Residency Restrictions Increase the Risk of Re-Offense by Sex Offenders
It`s one thing to say that residency restrictions have proven to do nothing to protect children from sex crimes, but it`s quite another to say that these restrictions have been shown to increase the risk of a sex offender reoffending against a child. Justice Sotomayor cited some studies in her statement in Ortiz and made this point:
Scholars have explained that by banishing returning individuals to the margins of society, residency restrictions may lead to homelessness, unemployment, isolation, and other conditions associated with an increased risk of recidivism.
Citing even more studies, the court in Rudd extensively criticized the negative effect of residency restrictions on sex offenders:
There remains significant questions regarding the substantive reasonableness of residency restrictions, including whether they too stringently restrict where a defendant can reside, or whether they play a role in increasing the likelihood of recidivism.
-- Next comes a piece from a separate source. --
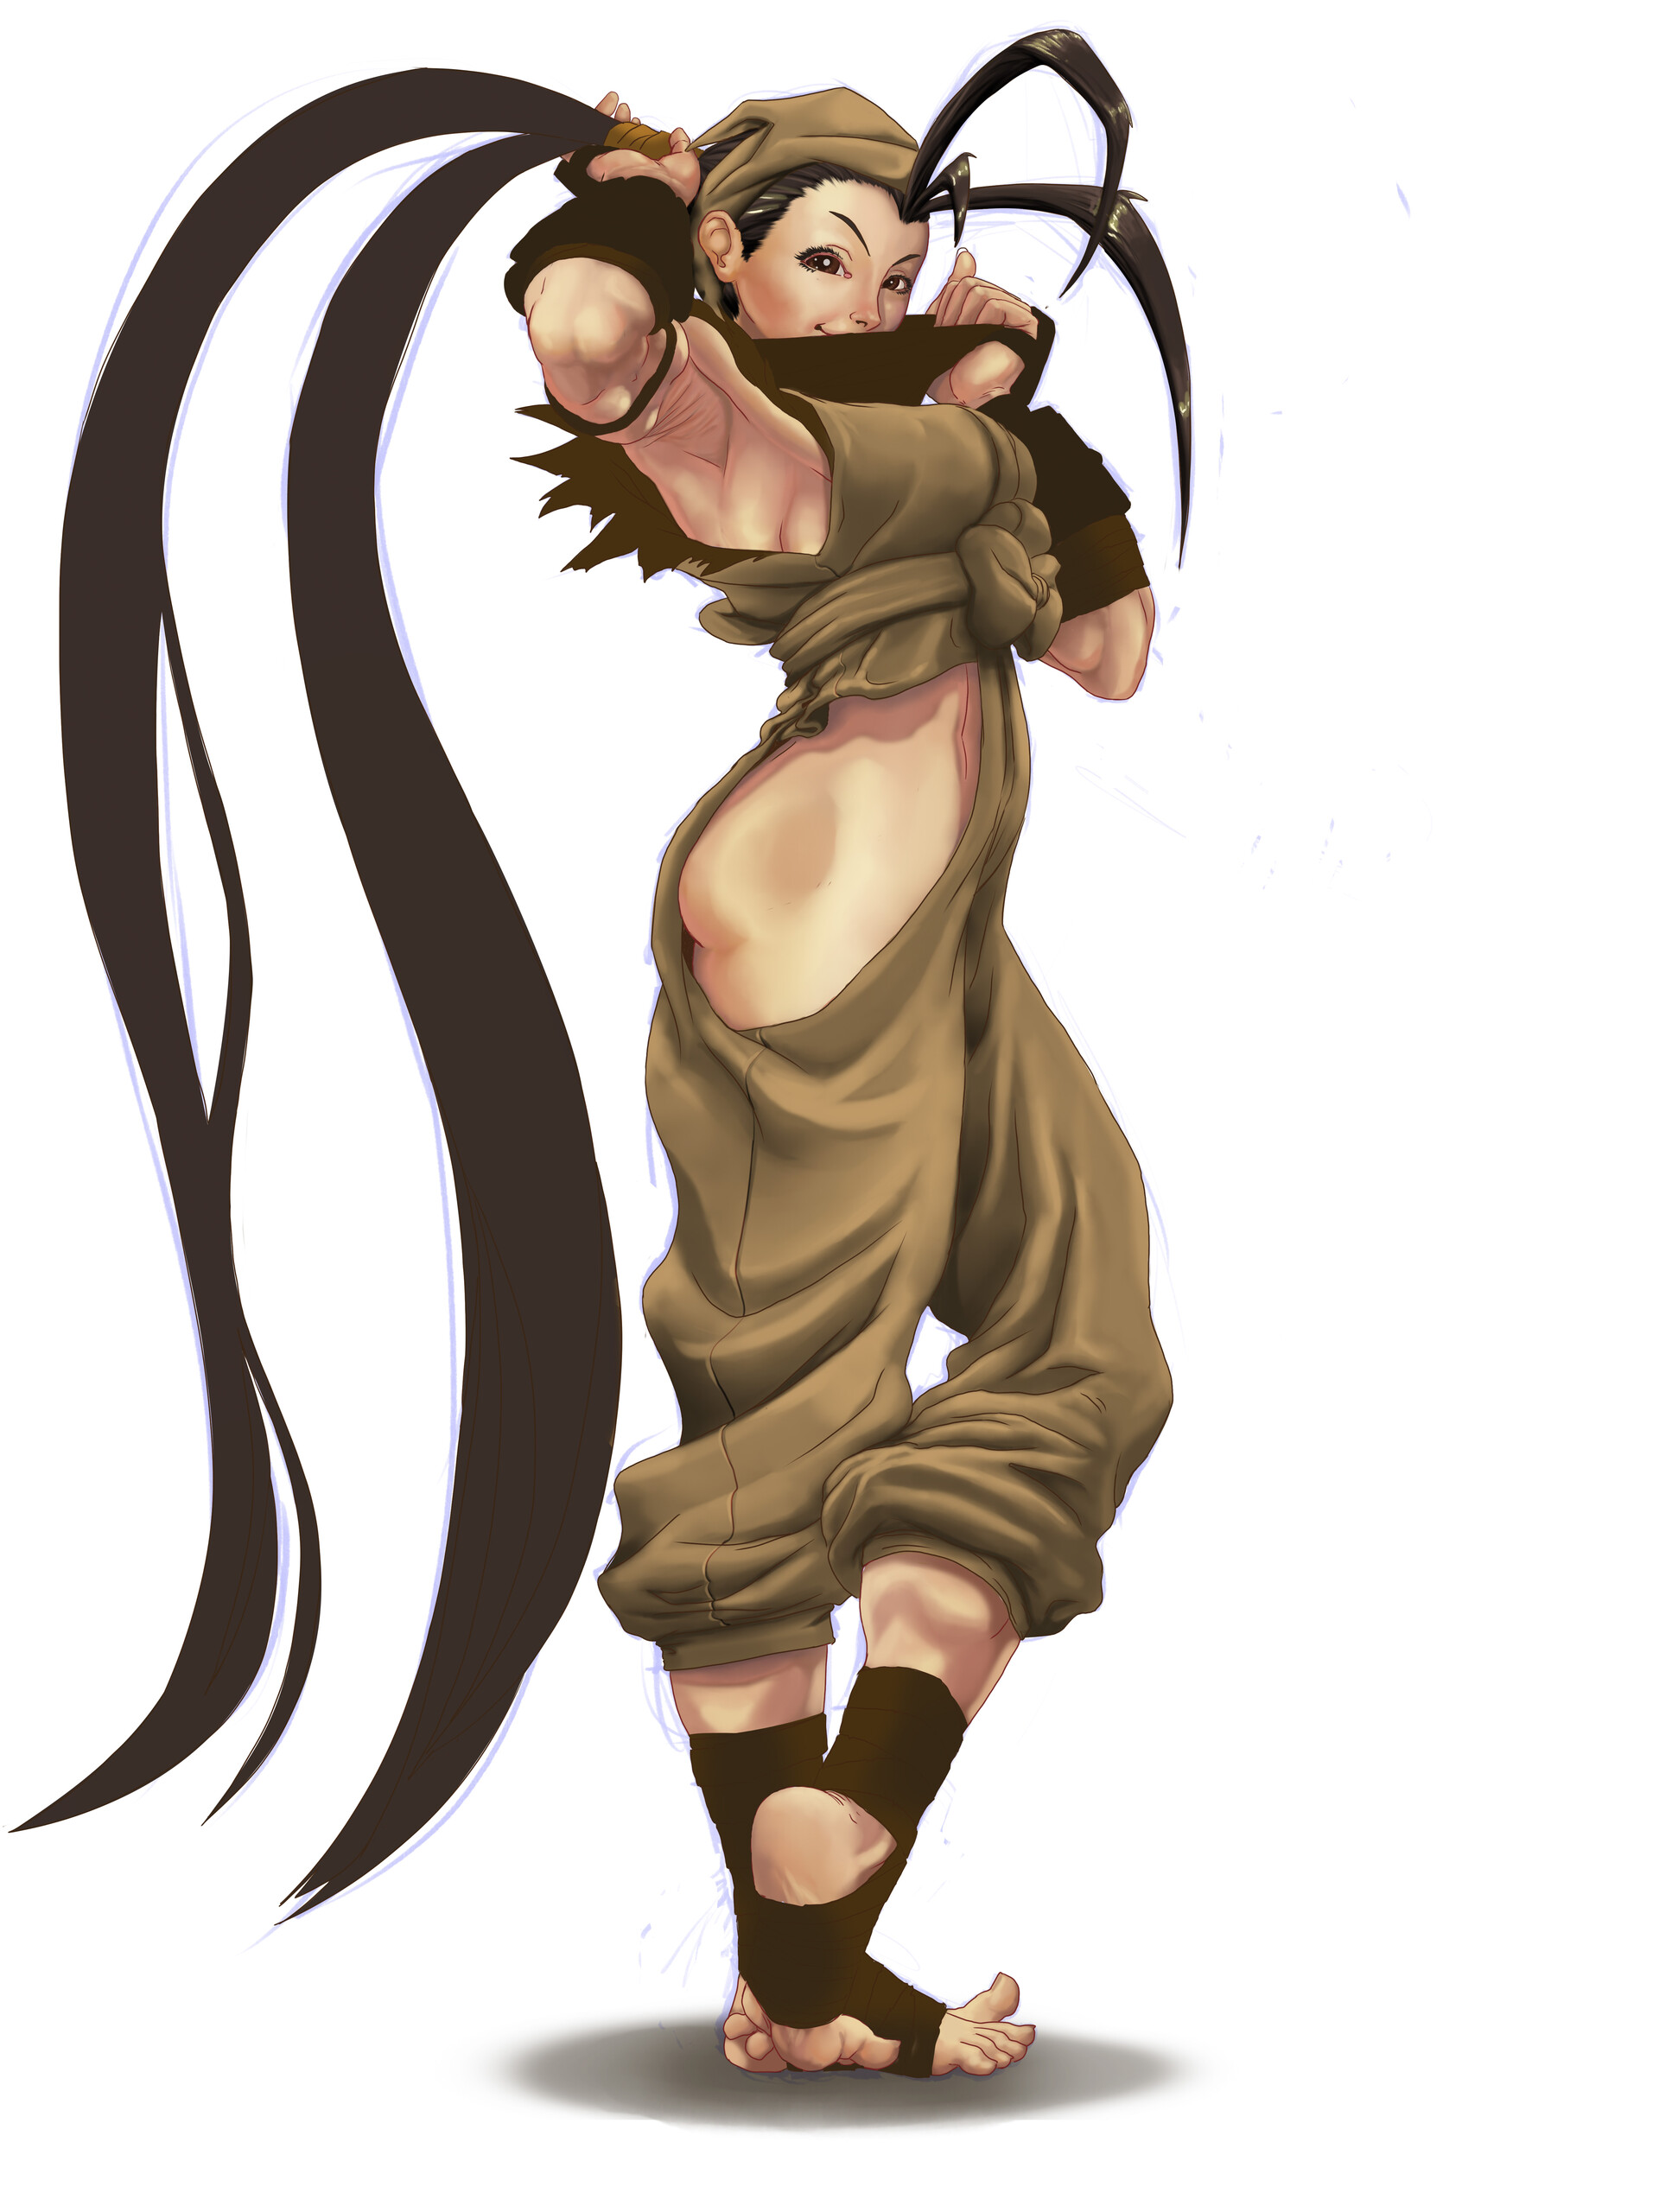 Ibuki from Street Fighter.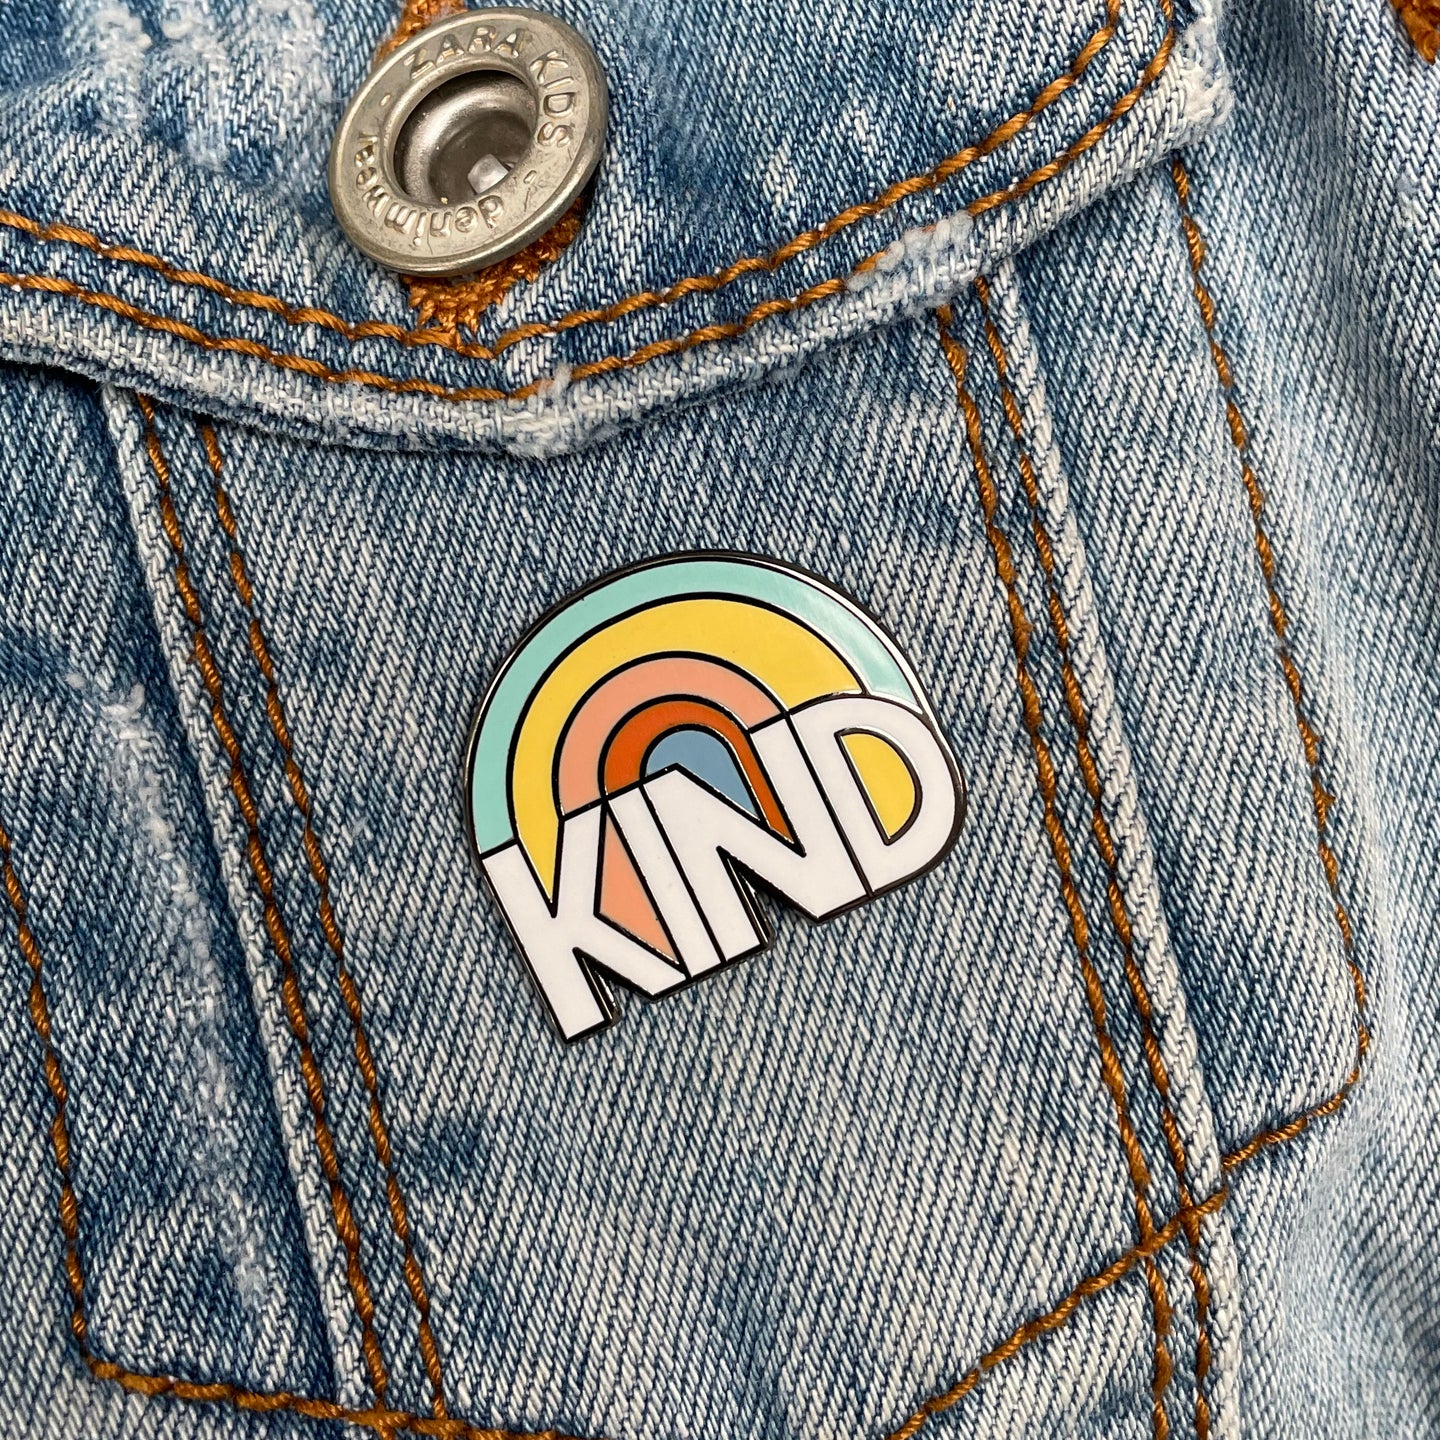 Kind rainbow enamel pin badge

More specifically, the Minnesota Dept. of Corrections looked at 224 sex offenses committed by sex offenders and found that not one of them would have been deterred by a residency restriction.  And when Jacksonville, FL, increased its residency restriction to 2,500 feet, a study showed it did absolutely nothing to curb sex offenses against children there. 
Public Support for Residency Restrictions on Sex Offenders
The public overwhelmingly supports residency restrictions on sex offenders, despite the mountain of evidence showing that they don`t do anything to protect children from sex offenses. In her book Sex Crime, Offenders, and Society, Professor Christina Mancini cites several studies she conducted with other scholars that showed 82% of Florida residents supported residency restrictions, and over 80% of Michigan residents supported them.
IN CONCLUSION, despite the fact that residency restrictions on sex offenders do more harm than good, the public embraces them and sex offenders must be aware of them. It`s critical that sex offenders understand these laws, lest they end up in prison.
 G. Duwe, Residency Restrictions and Sex Offender Recidivism: Implications for Public Safety, 2 Geography & Pub. Safety 6, 7 (May 2009).
 Nobles, M.R., et. al, Effectiveness of Residency Restrictions in Preventing Sex Offense Recidivism, Crime and Delinquency, 58, 491-513 (2012).